WASHINGTON — Federal Reserve policymakers are split over whether to launch another big stimulus program.
While “almost all” of the policymakers agreed that unemployment remains elevated, Fed officials were divided in their assessment of whether and when the central bank should expand its efforts to spur growth with something like another round of major bond purchases, according to an account of the Fed’s June 19 to 20 meeting, released Wednesday.
Major stock indexes closed lower, as the account of the Fed’s deliberations seemed to deflate investors’ hopes for more imminent stimulus from the Fed.
“Although a few members were calling for more accommodation, there was no sign that they were rushing to pull the trigger,” said Steven Ricchiuto, chief economist at Mizuho Securities in a note to clients. “Moreover, the committee seems to be looking for alternative means to stimulate the economy, further reducing” the likelihood that the Fed will undertake a third round of major bond purchases.
At their June meeting, Fed officials voted to keep the central bank’s short-term interest rate near zero at least through late 2014, affirming a pledge they first made in January.
By a vote of 11 to 1, policymakers also decided last month to extend a modest stimulus program of selling short-term bonds and using the proceeds to buy longer-term securities — a program known as Operation Twist that is aimed at holding down long-term interest rates.
But the Fed’s latest meeting was before the release of the June jobs report last week, which showed a third straight month of subpar job growth.
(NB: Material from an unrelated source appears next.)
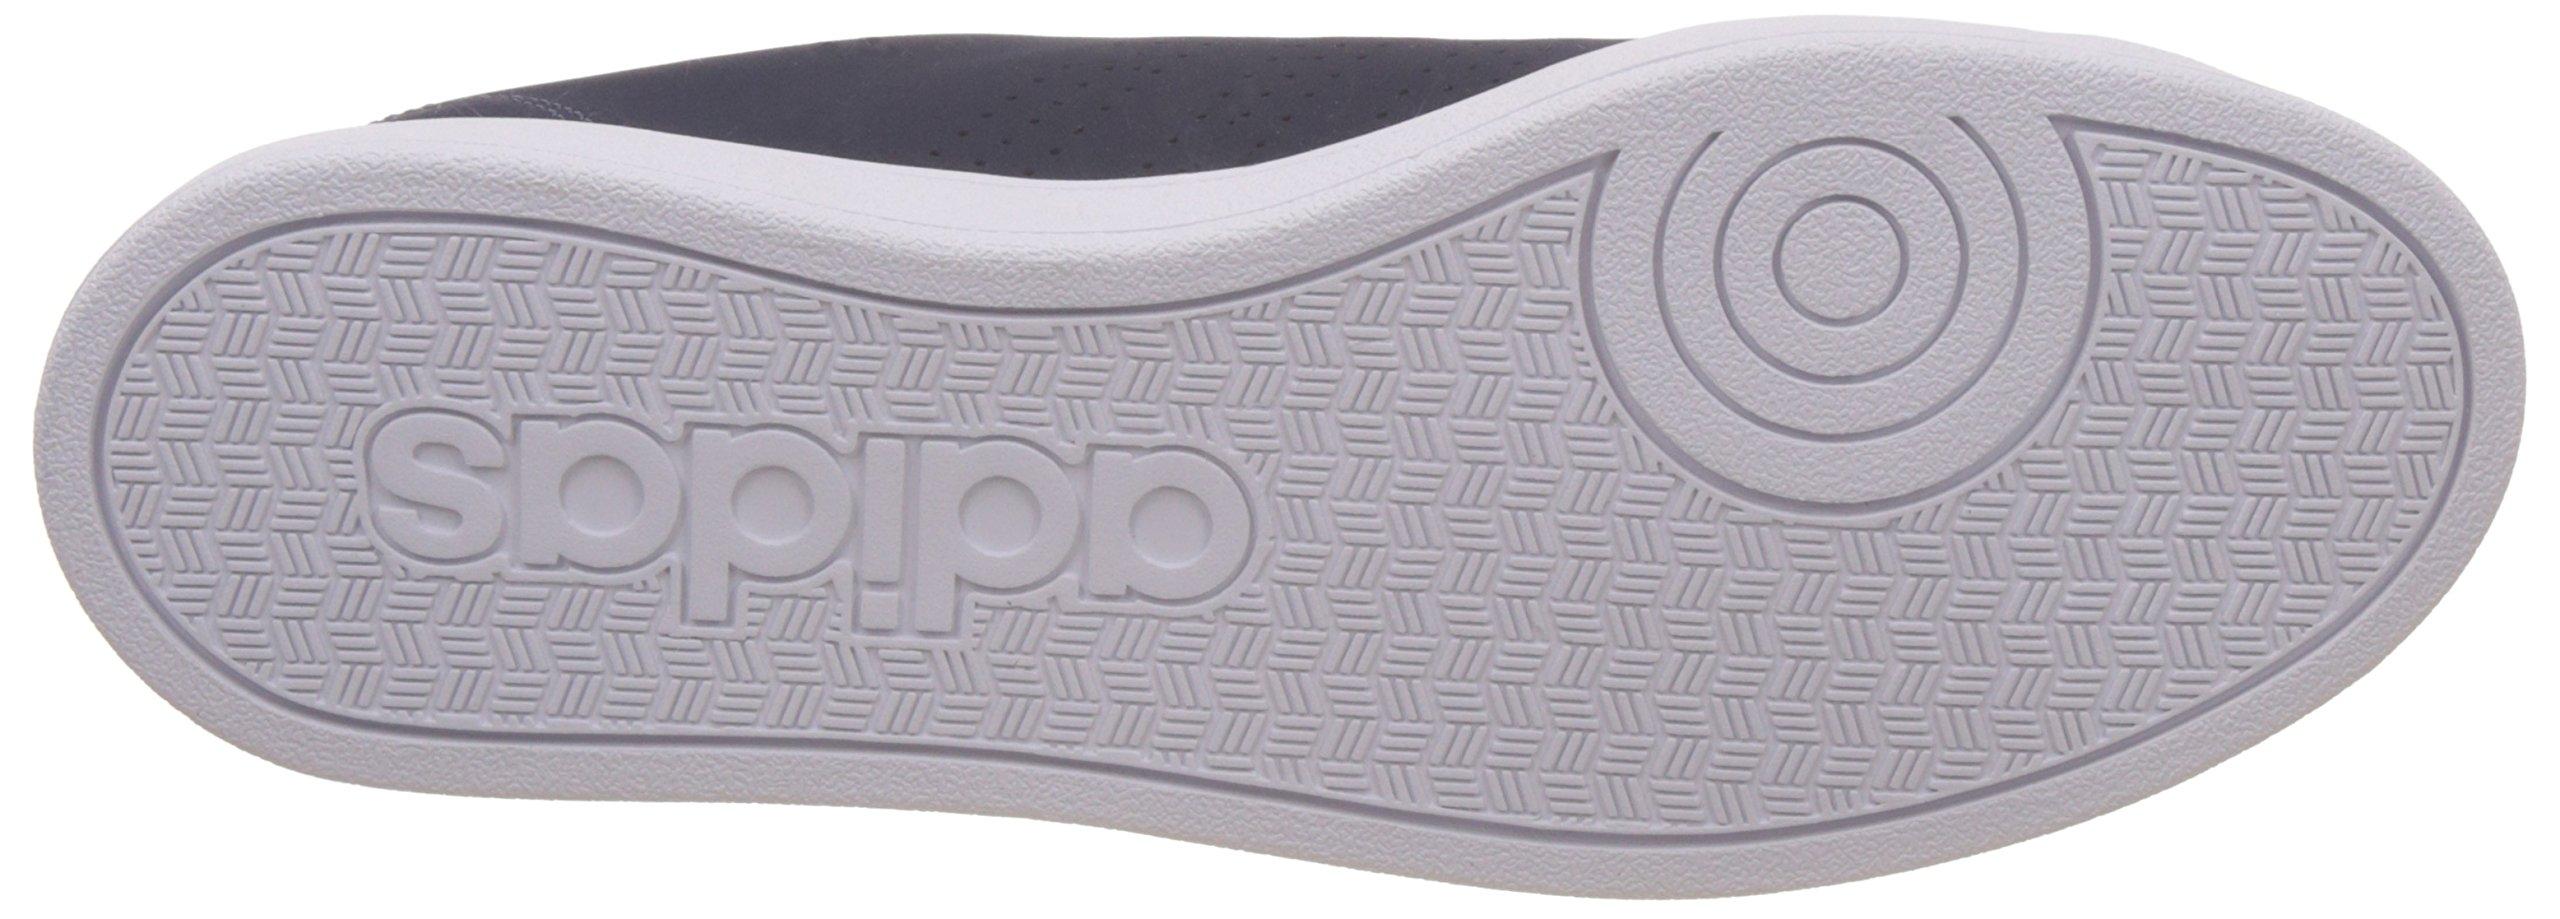 Adidas NEO Advantage Clean VS, Scarpe da Ginnastica Uomo 3 spesavip

Analysts say the June employment data increases the odds that the central bank will launch new stimulus action. The Fed’s next policy-setting meeting is set for July 31 to Aug. 1.
In their June 19 to 20 meeting, Fed policymakers downgraded their projections for economic growth and employment. The jobless rate held at 8.2 percent in June after falling steadily since last summer.
The minutes of that meeting, released with the usual three-week lag, showed that Fed officials were increasingly worried about the eurozone debt crisis. They expressed concerns as well about the possibility of a sharp fiscal tightening in the U.S.
At the same time, the minutes indicate that Fed policymakers didn’t see eye to eye on the threshold for taking additional action.
“A few members expressed the view that further policy stimulus likely would be necessary to promote satisfactory growth in employment and to ensure that the inflation rate would be at the committee’s goal,” the minutes said. But “several others” indicated that additional efforts could be warranted only if the economic recovery were to “lose momentum.” The minutes suggested that some Fed policymakers were concerned that the central bank’s easy-money policies posed inflationary risks down the road.